Beginning Fall 2015, I will be Assistant Professor in the Geography Department of the University of Colorado at Boulder where I will focus on spatial-temporal analysis and data-intensive modeling of dynamic geographical processes. Prior to joining the faculty at Colorado I was Associate Director of the Center for Advanced Research of Spatial Information (CARSI) and Assistant Professor of GIScience at Hunter College of the City University of New York (CUNY). In 2012, I held a postdoctoral position at the University of St Andrews in Scotland, and in 2011 I completed a PhD funded by the Irish Social Sciences Platform (ISSP) and the Social Sciences and Humanities Research Council (SSHRC) of Canada at the National Center for Geocomputation (NCG) at the University of Maynooth (formerly National University of Ireland Maynooth) in Ireland. Both my undergraduate and Masters were completed in the Geography Department at the University of Victoria, in B.C. Canada (my hometown!).
Current & Future Research
My current and future research interests are ultimately concerned with modelling and understanding spatial processes. My work tends to fall under the general banner of ‘computational GIScience’ and encompasses work on networks, transportation, big-data, snow/water processes, and geospatial algorithms. I am as much interested in theories of interactions of human and environmental processes as I am in the methods and models designed to characterize them. As part of my long-term research goals, I continue to incorporate theories of spatial interaction, time-geography, and GIScience into my work on complex systems and dynamics.
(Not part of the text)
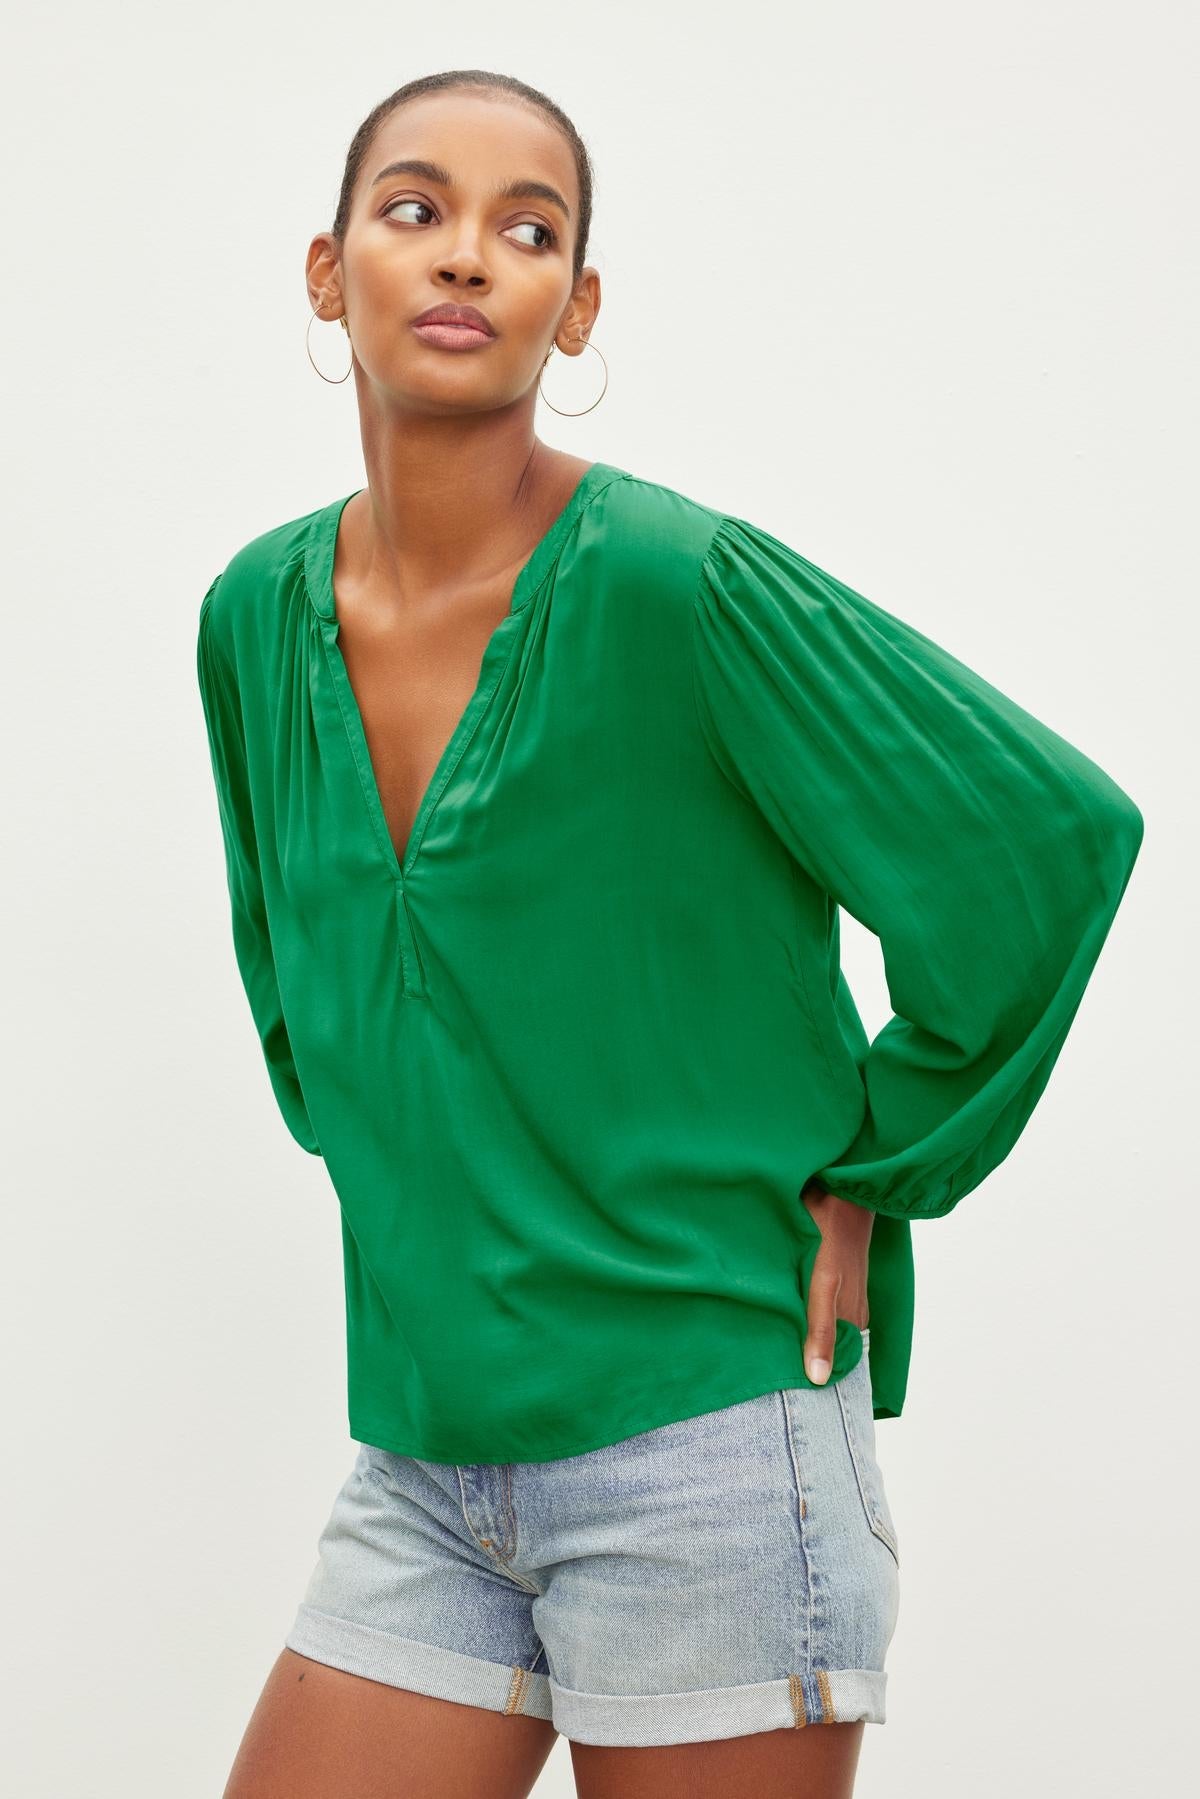 Velvet Ashley Rayon Challis Blouse - Fairway Clothing - Tops - Shirts - Blouses - Blouses Top Price by Velvet | Grace the Boutique

My primary interest is in flow and movement data associated with underlying networks within human and natural environments. Spatial models are my primary means of quantitatively characterizing urban processes, and are used to explore data at a range of spatial and temporal resolutions. I also have a keen interest in developing new approaches to solving geographical problems by fostering expanded use of ideas and methods from outside geography and GIScience (such as data-streams and computer graphics). Additionally, I aim to promote the use of spatial analysis methods in data-intensive research to help explore the complex hierarchies and interactions within, across, and between human and natural systems.
Commuting flows & local labour markets: Spatial interaction modeling of travel-to-work
One of the most promising approaches to mitigating land-use and transportation problems is continued research on urban commuting. Commuting is essential to many individuals, allowing them to participate in the labour market and earn a living to meet their essential needs. As such, a better understanding of the determinants of commuting will ultimately lead to a better understanding of the complexities of employment, housing, and the many spatial processes underlying commuting. However, in order to understand the commuting process, it is important to examine the milieu within which commuting takes place: the local labour market (LLM). In my PhD research, the interplay between commuting and LLMs is explored through the use of regionalization techniques and spatial interaction models. I try to show that LLM characteristics play a significant role in intra-regional commuting patterns and that a failure to account for LLM conditions may seriously hinder the applicability of models of commuting. Specifically, I suggest that there are many different LLMs across Ireland and that these LLMs characterize the commuting patterns of population sub-groups. By incorporating these LLMs into models of commuting, I show that in addition to distance and working population size, the spatial structure of origins and destinations and a number of non-spatial attributes such as unemployment, housing density, and education, all significantly affect commuting flows. Furthermore, the distance decay component of these models can be shown to capture a combination of geographical distance and regional differentiation due to LLM boundaries, leading to ‘functional’ distance decay. This concept of functional distance decay is a key finding of my research, and, indicates that in addition to the configuration of origins and destinations, distance decay is also dependent on the spatial structure of LLMs, or more generally, the totality of surrounding conditions within which spatial interaction takes place. This research is funded in part by the ISSP, StratAG, and SSHRC, and is being completed under the supervision of Prof. Stewart Fotheringham.
Spatial time-series analysis of satellite derived snow water equivalence
My MSc research focused primarily on examining the spatial-temporal characteristics of snow water equivalence (SWE) in Canada, and comparing these characteristics to known or hypothesized climate and ecological processes. The spatial and temporal distribution of terrestrial snow cover has implications for many ecological processes, such as local snowmelt release, local and global atmospheric circulation, as well as climate, and hydrological cycles. The sensitivity of terrestrial snow cover and SWE to atmospheric conditions and overlying air temperatures also makes snow cover a useful indicator of climate change. Thus, examining the spatial distribution of terrestrial snow cover and SWE over time aides in understanding current and future trends in changing climate conditions. Our research links the spatial-temporal interactions of SWE to underlying land-cover characteristics, as well as generates relevant temporal characteristics from SWE time-series’ in order to explain the dominant SWE regimes across Canada. In addition to its broad implications for climate change research in general, this research also has implications for use in a national biodiversity monitory system for Canada, driven by remote sensing of multiple indicators of biodiversity. These indicators include productivity, disturbance, topography, and land-cover, of which terrestrial snow cover and SWE play an integral part.